Although Helichrysum umbraculigerum does not produce THC or CBD, the researchers found significant quantities of cannabigerolic acid (CBGA), an essential precursor to major cannabinoids like THC and CBD, as well as other medically significant cannabinoids such as cannabigerol (CBG) and cannabichromene (CBC).

While these findings are not new, they are a confirmation of a 40-year old study that had not been replicated until this recently published study. 

Then and Now: Cannabinoids in the Woolly Umbrella Plant

Over four decades ago, scientists initially stumbled upon traces of cannabigerolic acid (CBGA) – the precursor to cannabinoids – in the woolly umbrella plant while investigating its intoxicating properties. This groundbreaking discovery marked the woolly umbrella as the first non-cannabis plant species known to produce these compounds. However, subsequent attempts to replicate the finding were unsuccessful, leaving the presence of cannabinoids in question.

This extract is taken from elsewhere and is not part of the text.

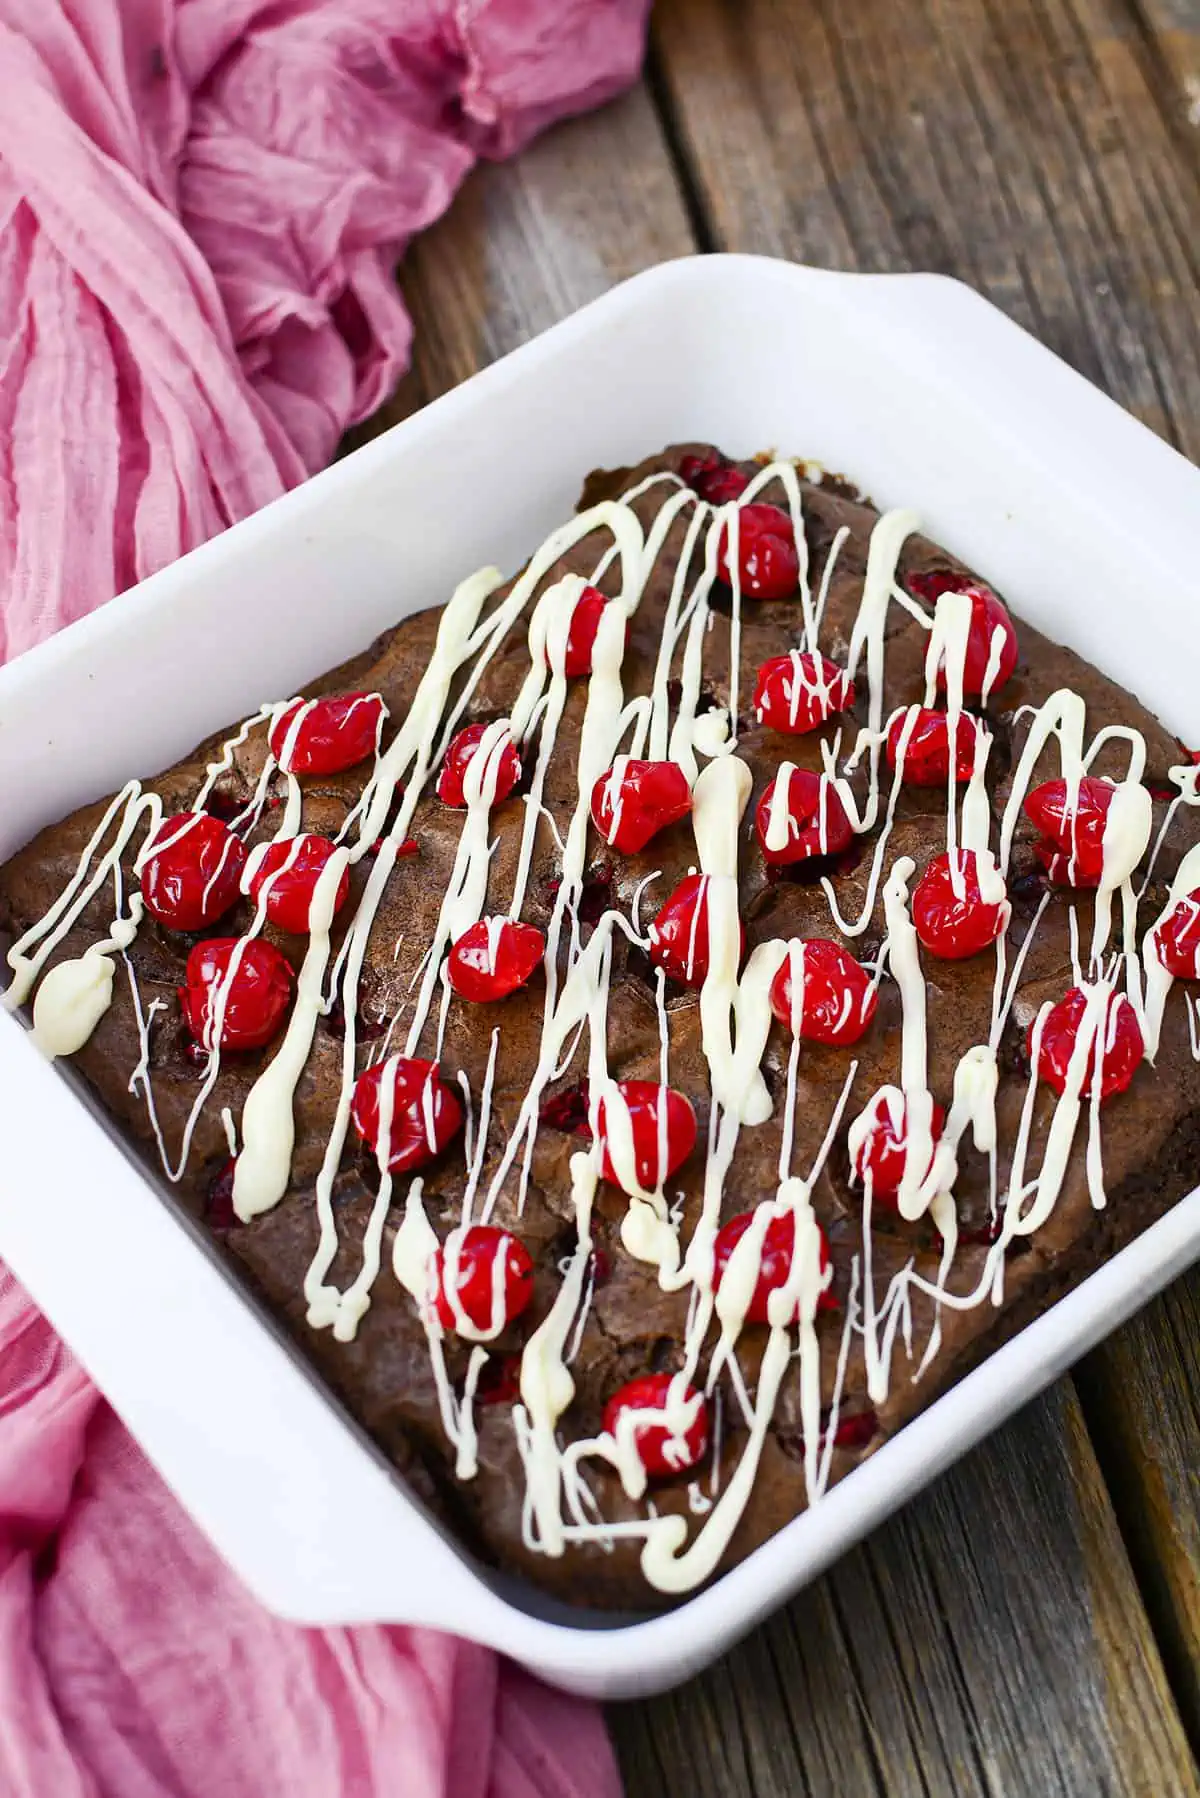 Chocolate cherry brownies covered in white chocolate drizzle and maraschino cherries, baked in a white caserole dish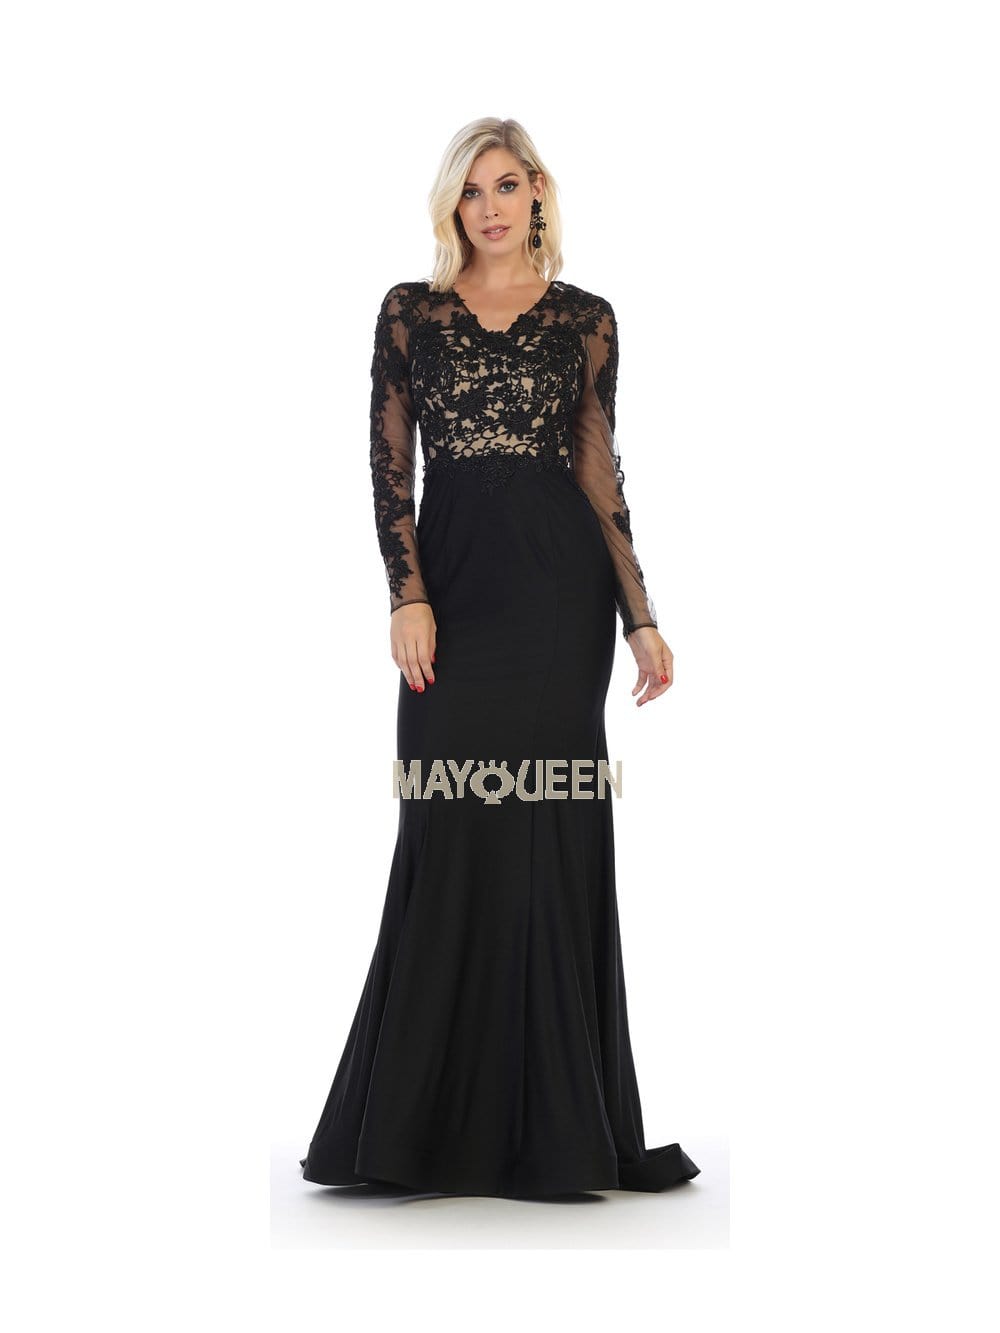 May Queen - RQ7661 Illusion Long Sleeve Appliqued Mermaid Gown Mother of the Bride Dresses 4 / Black

Now, equipped with state-of-the-art analytical chemistry techniques and genome sequencing data, researchers from the Weizmann Institute of Science embarked on a mission to definitively determine the presence or absence of cannabinoids in the plant.

Using the new state-of-the-art analytical chemistry techniques, the researchers successfully detected and characterized the precise structures of more than a dozen cannabinoids in the plant. While the well-known major cannabinoids THC and CBD were absent, the researchers identified six cannabinoids that were identical to those found in cannabis. Notably, CBGA, the molecule that precedes other significant cannabinoids like THC, CBD, CBG, and CBC, was present in the plants leaves.

The level of CBGA found in the woolly umbrella is comparable to what is typically found in certain cannabis chemotypes, highlighting the potential significance of the woolly umbrella plant. These levels, along with its fast growth rates and easy propagation further enhance its potential as an industry resource. This breakthrough discovery opens up exciting possibilities for the cultivation and utilization of cannabinoids from unconventional botanical sources.

Cannabinoids, Without The Cannabis

cannabinoids without the cannabis

In conclusion, the world of cannabinoids extends far beyond the realm of cannabis. As we've explored in this blog, numerous plant species possess the remarkable ability to produce cannabinoids, albeit in varying quantities and compositions. From the surprising discoveries of cannabinoids in plants like Echinacea and Electric Daisy to the recent confirmation of cannabinoids in Helichrysum umbraculigerum, we're witnessing a fascinating expansion of our understanding. 

These findings challenge the notion that cannabinoids are solely confined to cannabis and open up a world of possibilities for research, industry, and therapeutic applications. As scientists continue to delve into the diverse array of plants harboring cannabinoids, we can anticipate even more discoveries and innovations that will shape the future of cannabinoid science. So, let's embrace this new frontier, where cannabinoids and their potential benefits await exploration beyond the boundaries of cannabis.